◆ DESCRIPTION OF THE TASK: Restate word for word the lines of the data below, from the first through the one that has "Mahogany Finished Wooden Display Shelf".

◆ SUPPLIED DATA:
--- START ---

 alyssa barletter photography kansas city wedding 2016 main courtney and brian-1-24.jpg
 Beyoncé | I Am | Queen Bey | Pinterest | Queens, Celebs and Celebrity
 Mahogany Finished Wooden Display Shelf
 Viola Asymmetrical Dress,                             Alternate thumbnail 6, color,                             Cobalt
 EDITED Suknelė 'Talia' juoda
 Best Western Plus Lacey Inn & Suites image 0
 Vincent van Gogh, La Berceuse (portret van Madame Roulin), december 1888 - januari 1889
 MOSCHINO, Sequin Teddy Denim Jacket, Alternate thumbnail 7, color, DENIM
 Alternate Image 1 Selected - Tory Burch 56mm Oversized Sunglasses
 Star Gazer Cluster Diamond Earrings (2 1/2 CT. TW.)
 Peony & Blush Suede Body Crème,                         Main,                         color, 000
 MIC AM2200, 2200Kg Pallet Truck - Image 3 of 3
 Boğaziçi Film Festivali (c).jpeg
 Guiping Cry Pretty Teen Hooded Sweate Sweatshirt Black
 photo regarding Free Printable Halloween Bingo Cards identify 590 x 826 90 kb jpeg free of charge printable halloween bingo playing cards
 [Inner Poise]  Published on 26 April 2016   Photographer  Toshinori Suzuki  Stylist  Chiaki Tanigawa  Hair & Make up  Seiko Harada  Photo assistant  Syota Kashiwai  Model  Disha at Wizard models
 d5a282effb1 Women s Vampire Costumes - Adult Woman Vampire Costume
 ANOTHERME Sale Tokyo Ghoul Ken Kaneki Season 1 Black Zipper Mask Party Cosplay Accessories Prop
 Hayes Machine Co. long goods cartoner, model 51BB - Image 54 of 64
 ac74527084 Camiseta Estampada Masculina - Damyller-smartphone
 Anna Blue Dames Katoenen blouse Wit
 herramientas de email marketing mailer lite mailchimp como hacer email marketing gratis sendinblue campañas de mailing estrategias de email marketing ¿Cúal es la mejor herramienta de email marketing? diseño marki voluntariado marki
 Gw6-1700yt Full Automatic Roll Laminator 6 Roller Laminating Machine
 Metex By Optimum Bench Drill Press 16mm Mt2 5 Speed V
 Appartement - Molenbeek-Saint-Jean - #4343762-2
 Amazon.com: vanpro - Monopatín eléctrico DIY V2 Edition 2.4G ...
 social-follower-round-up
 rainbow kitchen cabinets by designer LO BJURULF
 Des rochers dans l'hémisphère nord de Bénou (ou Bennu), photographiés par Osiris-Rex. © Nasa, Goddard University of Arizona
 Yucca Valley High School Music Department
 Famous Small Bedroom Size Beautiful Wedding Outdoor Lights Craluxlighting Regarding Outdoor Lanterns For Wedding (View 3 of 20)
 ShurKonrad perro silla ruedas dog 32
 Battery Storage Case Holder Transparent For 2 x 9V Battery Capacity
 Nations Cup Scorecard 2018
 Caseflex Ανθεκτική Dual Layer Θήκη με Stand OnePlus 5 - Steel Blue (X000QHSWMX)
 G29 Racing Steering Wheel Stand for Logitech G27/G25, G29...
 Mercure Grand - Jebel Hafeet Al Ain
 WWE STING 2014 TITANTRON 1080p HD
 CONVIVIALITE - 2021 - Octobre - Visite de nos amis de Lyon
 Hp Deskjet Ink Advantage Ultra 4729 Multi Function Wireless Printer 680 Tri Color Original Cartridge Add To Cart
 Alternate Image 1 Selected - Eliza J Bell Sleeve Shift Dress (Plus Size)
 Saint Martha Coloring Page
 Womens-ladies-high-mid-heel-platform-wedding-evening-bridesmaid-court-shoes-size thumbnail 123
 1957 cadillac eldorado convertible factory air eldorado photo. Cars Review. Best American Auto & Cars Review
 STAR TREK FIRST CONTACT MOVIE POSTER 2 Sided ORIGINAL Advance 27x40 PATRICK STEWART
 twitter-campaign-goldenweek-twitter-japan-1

--- END ---

◆ RESULT OF THE TASK:
 alyssa barletter photography kansas city wedding 2016 main courtney and brian-1-24.jpg
 Beyoncé | I Am | Queen Bey | Pinterest | Queens, Celebs and Celebrity
 Mahogany Finished Wooden Display Shelf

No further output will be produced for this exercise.